Results: High levels of IGSF1 immunoreactivity are observed in various brain regions, including the hypothalamus, but not to any major extent in neuroendocrine cell populations. In the pituitary gland, IGSF1 is present in the Pit1-cell lineage comprising GH, TSH, and PRL-producing cells, but not in gonadotrophs and corticotrophs. In the testis, IGSF1 is present in Sertoli cells (during stages XIII–VI of the seminiferous epithelium) and Leydig cells. IGSF1 is strongly expressed in hepatocytes of the fetal liver, but decreases rapidly to background levels immediately after birth. In all cases, specificity of IGSF1 protein expression was corroborated by in situ hybridization and real-time RT-PCR for the Igsf1 mRNA.

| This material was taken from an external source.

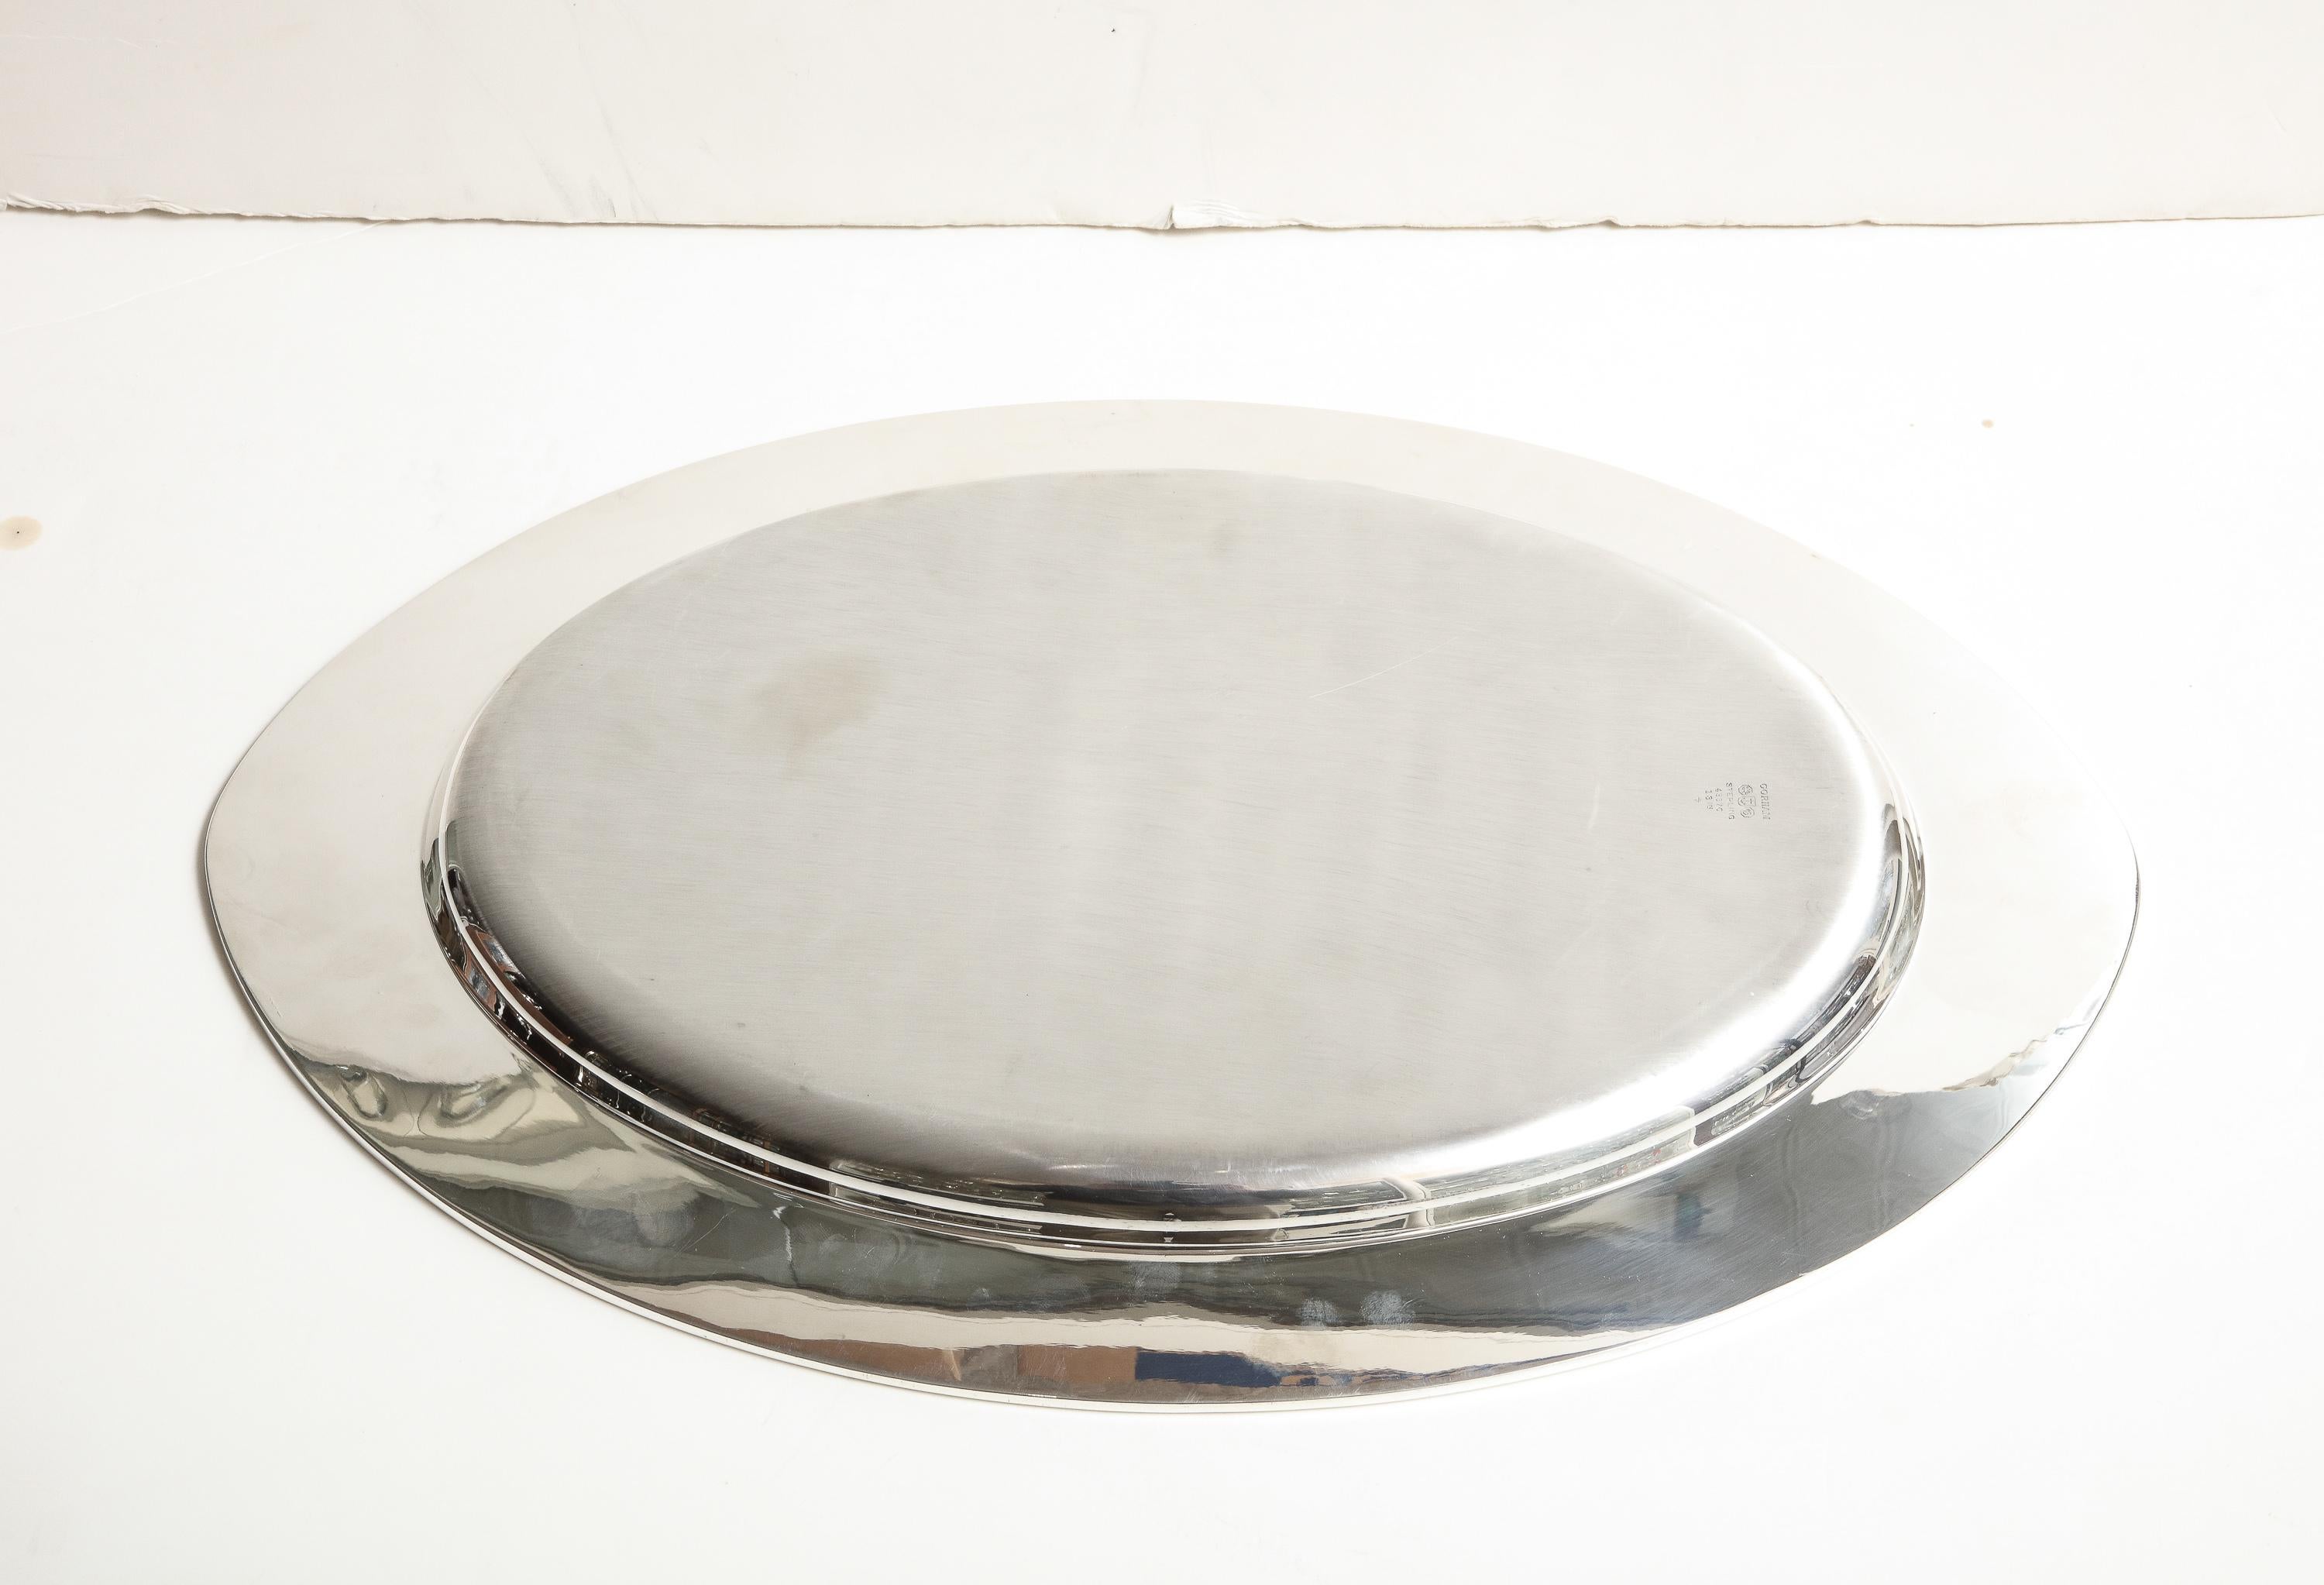 Large Art Deco Period Solid Sterling Silver Serving Platter By Gorham For Sale 6

Conclusion: Our results represent the first comprehensive characterization of the organ specific expression profile of IGSF1 in rats. The expression pattern in the pituitary gland suggests a role for IGSF1 in the regulation of TSH, GH, and prolactin secretion. In contrast, IGSF1 is not expressed in the gonadotrophs, suggesting that the delayed puberty and macroorchidism in IGSF1-deficient patients is not likely caused by gonadotropin deficiency, but rather by a local defect in the testis. This is consistent with our observations that IGSF1 is expressed in Sertoli cells (the number of which determines testicular size) and Leydig cells. The results of our study provide a framework that will facilitate future research on IGSF1 function in relevant cells and tissues.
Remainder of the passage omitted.